Hampir 80 % penduduk Bawean tinggal di Singapura dan Malaysia, 95% mempunyai keluarga di Malaysia dan Singapura. Cukup beralasan jika berbagai produk HP yang dipegang masyarakat sebagian seri N73 dan HP canggih lainnya. HPku yang berseri 8210 seperti barang rongsokan saja.
Setelah beberapa saat menikmati pelabuhan, seorang pemuda tanggung menjemputku, sementara kawanku yang ketua Maarif mengikuti rapat di PCNU. Kawan baruku ini memang dipersiapkan untuk menemani aku disini, setidaknya kami sama-sama muda, gemar cari kenalan cewek dan yang pasti punya selera untuk menikmati acara yang fun.

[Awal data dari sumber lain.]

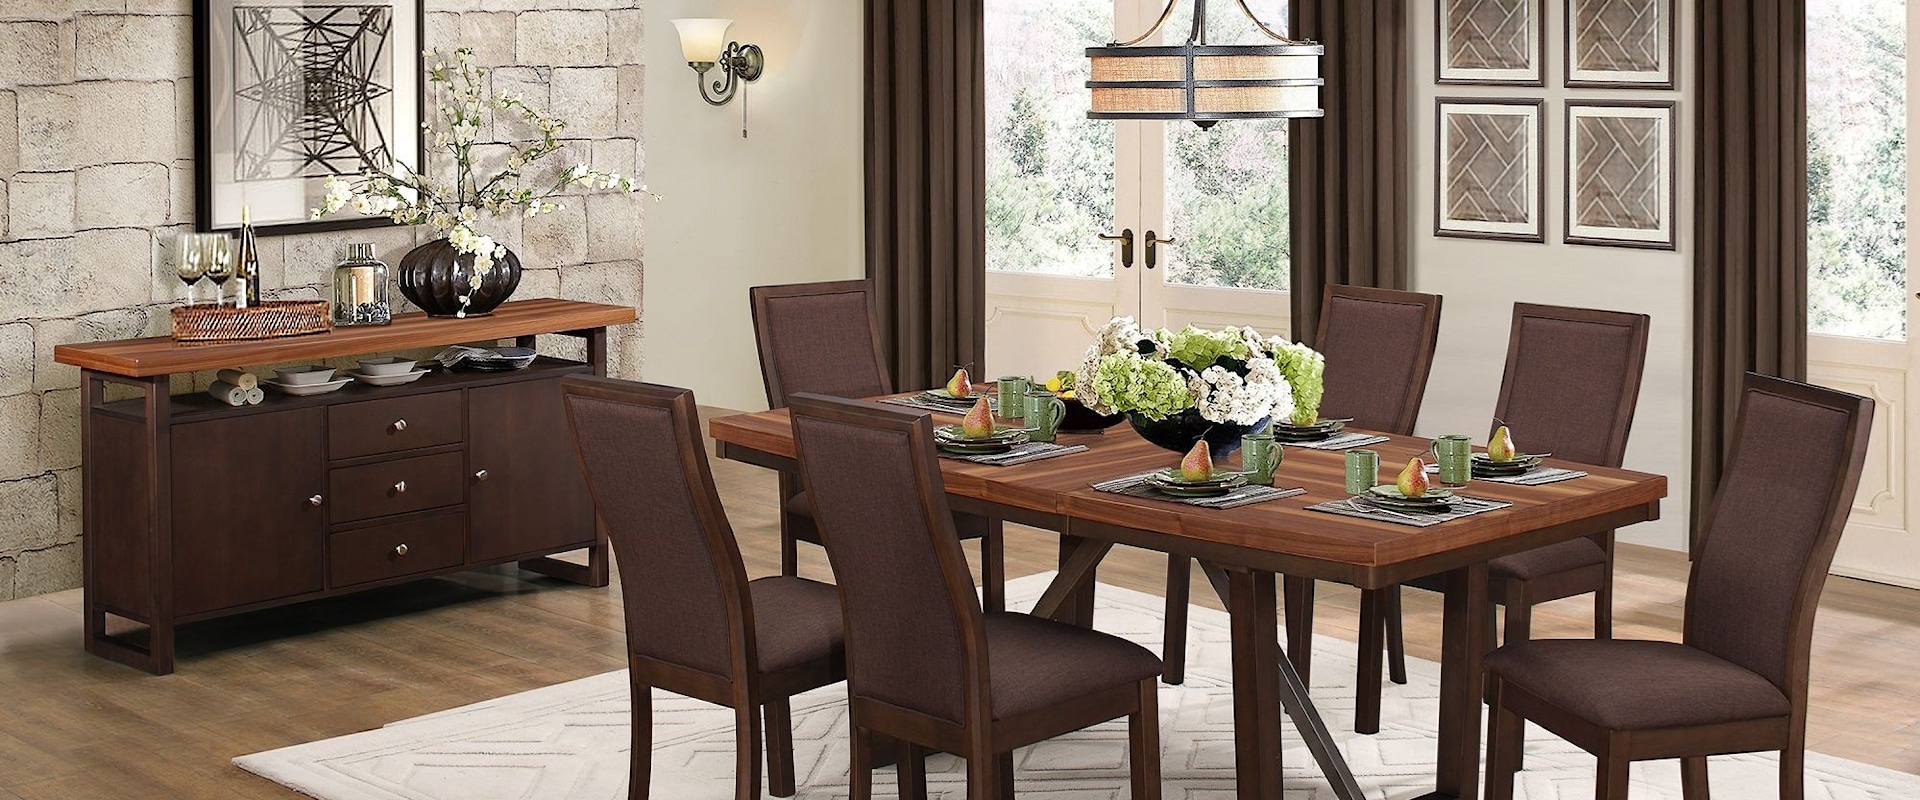 Contemporary Dining Room Group with Self-Storing Table Leaf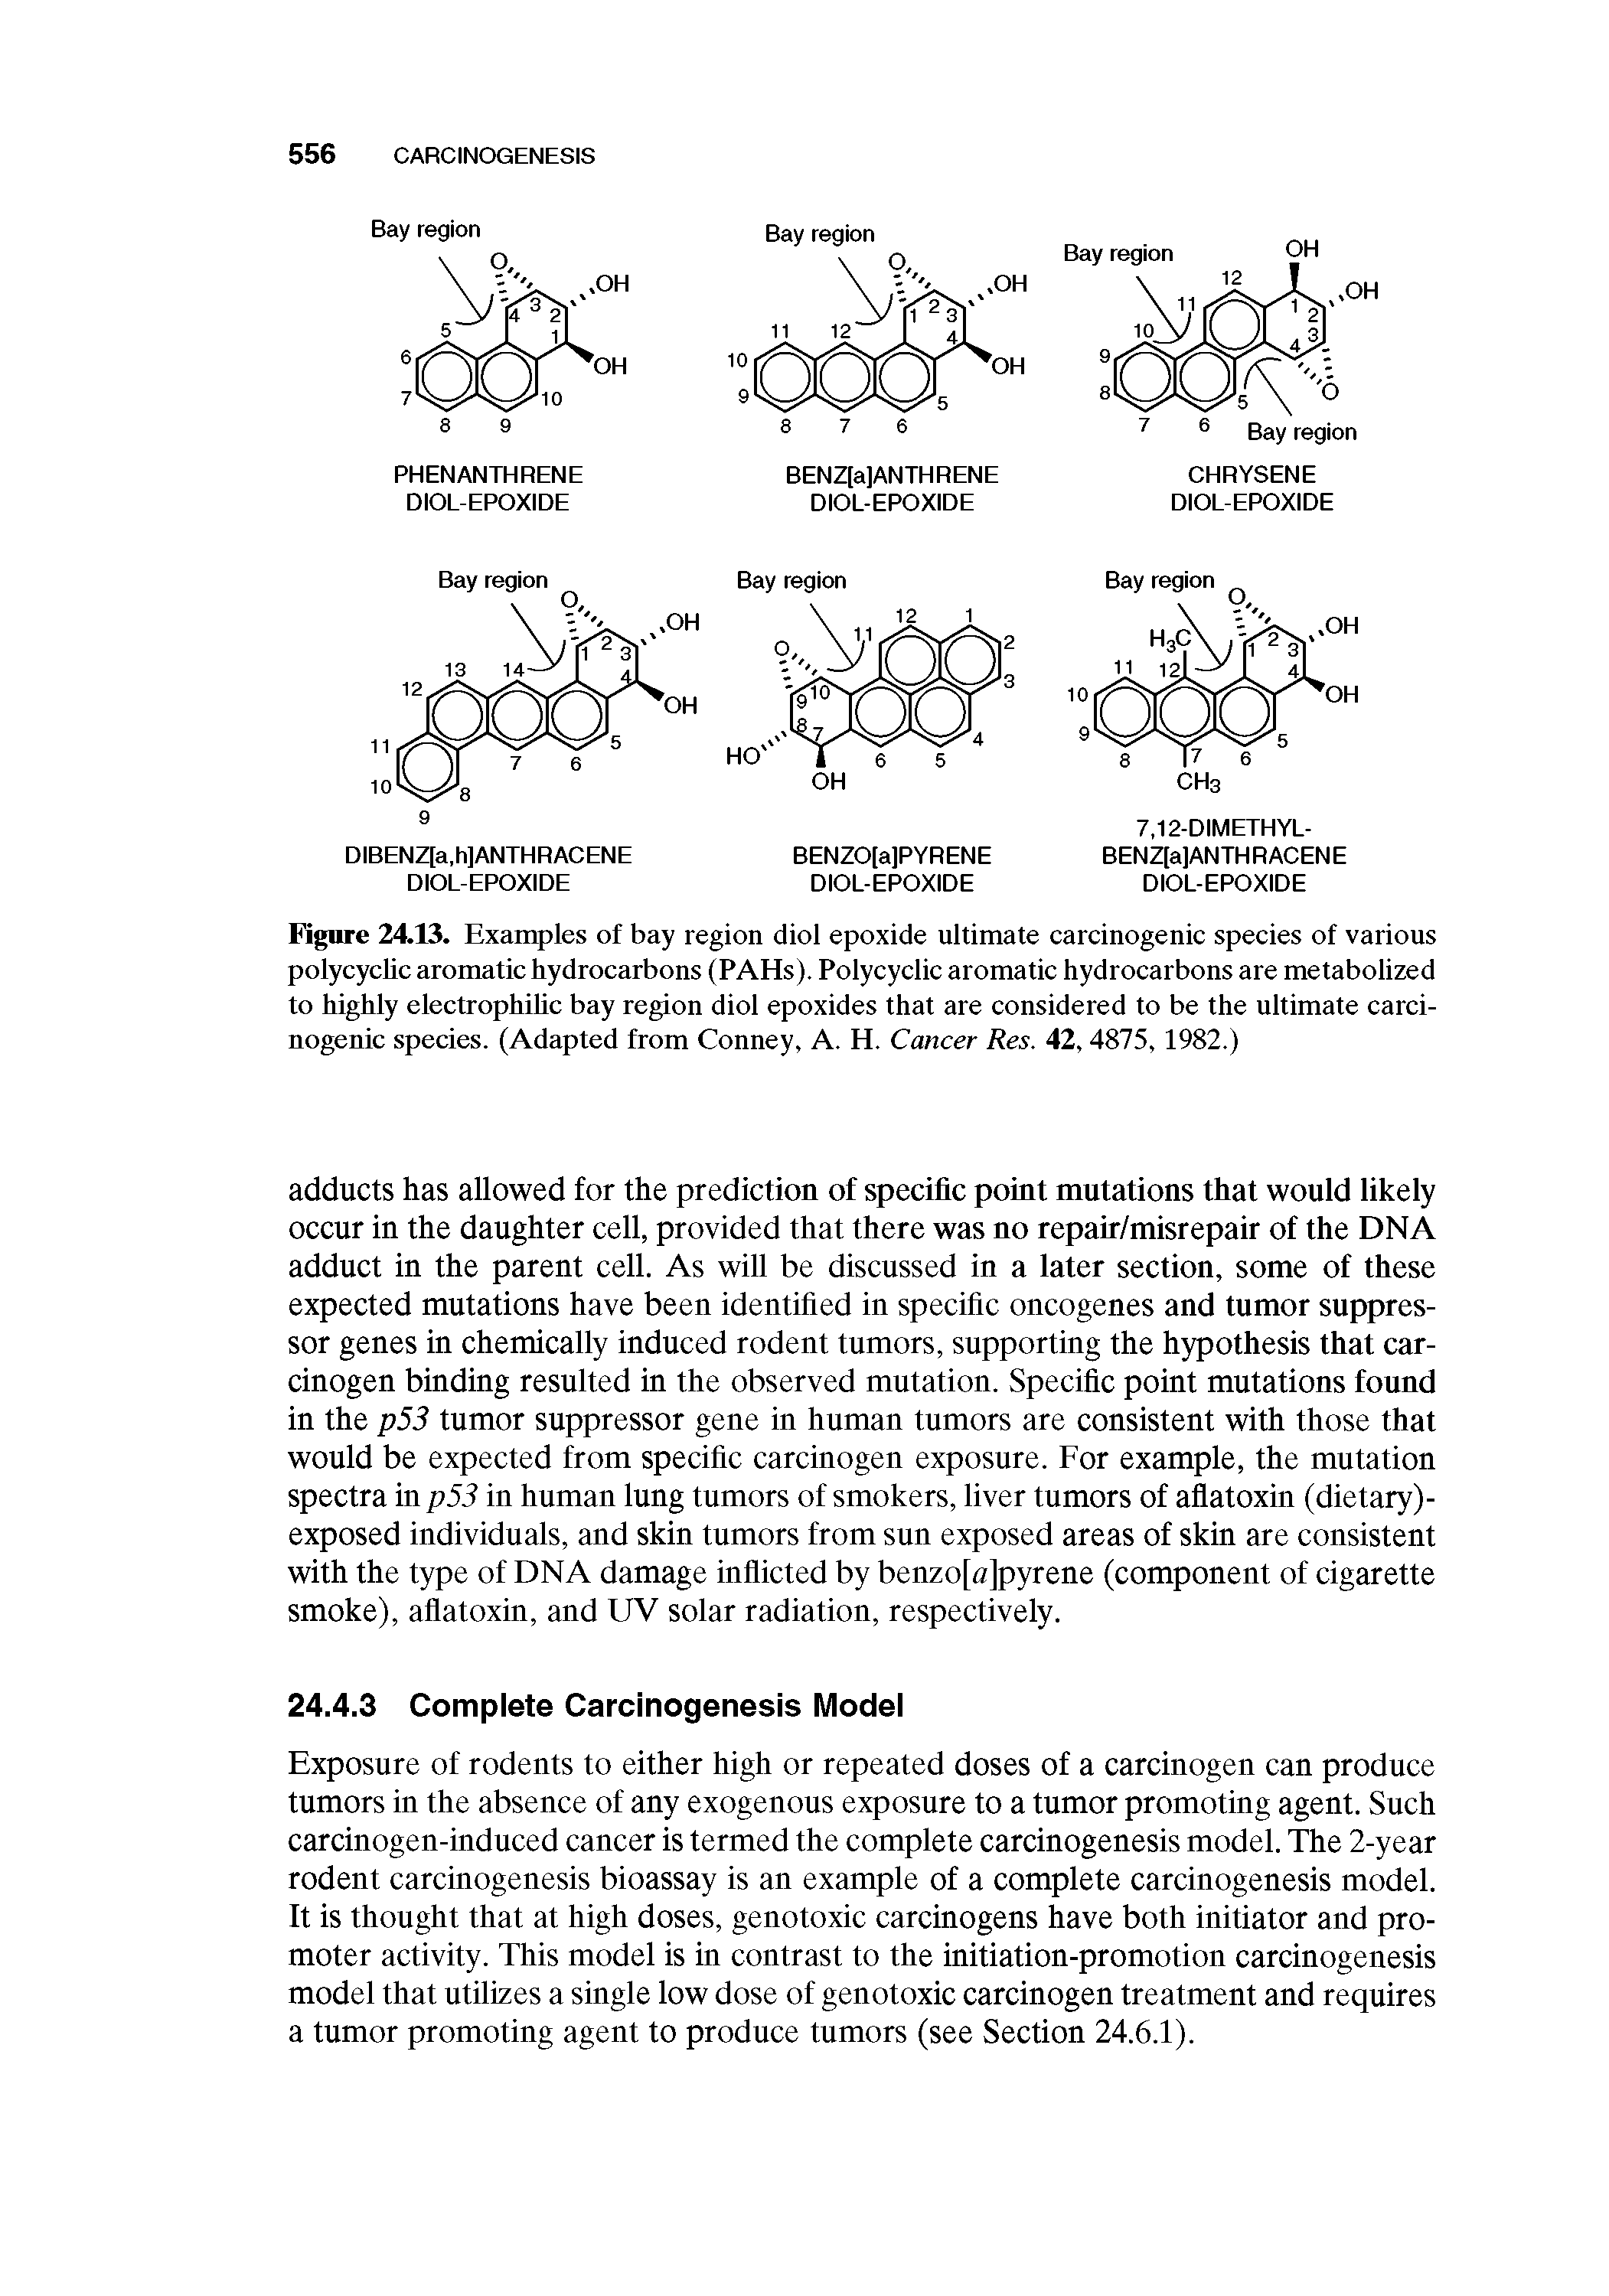 Figure 24.13. Examples of bay region diol epoxide ultimate carcinogenic species of various polycyclic aromatic hydrocarbons (PAHs). Polycyclic aromatic hydrocarbons are metabolized to highly electrophihc bay region diol epoxides that are considered to be the ultimate carcinogenic species. (Adapted from Conney, A. H. Cancer Res. 42, 4875, 1982.)...

Saya dan Cumi (panggilan kawanku itu) harus menaiki sepeda motor sejauh 20 Km menuju Kecamatan Tambak. Tepatnya di Pondok pesantren Mambaul Fallah, aku ingin memberikan materi tentang jurnalistik dan beberapa keterampilan menulis kepada siswa di sana, juga diskusi dengan para guru terkait pengembangan kurikulum.
Menjelang Ashar kami sampai pada kompleks Sekolah dan pesantren terpadu Mambaul Fallah. Tempatnya agak tersembunyi, namun Gedung dan fasilitasnya membuat geleng-geleng kepala. Puluhan Unit computer terbaru berjejer di ruang laboratorium IT, ruang Bahasa yang sangat lengkap, fasilitas kamera handycam, laptop, dan kamera digital, bahkan punya bengkel otomotif yang berdampingan dengan bengkel elektronik. Sistem belajar lima hari kerja, hari sabtu untuk kegiatan out Door dan Student Day. Benar-benar terobosan yang mencengangkan.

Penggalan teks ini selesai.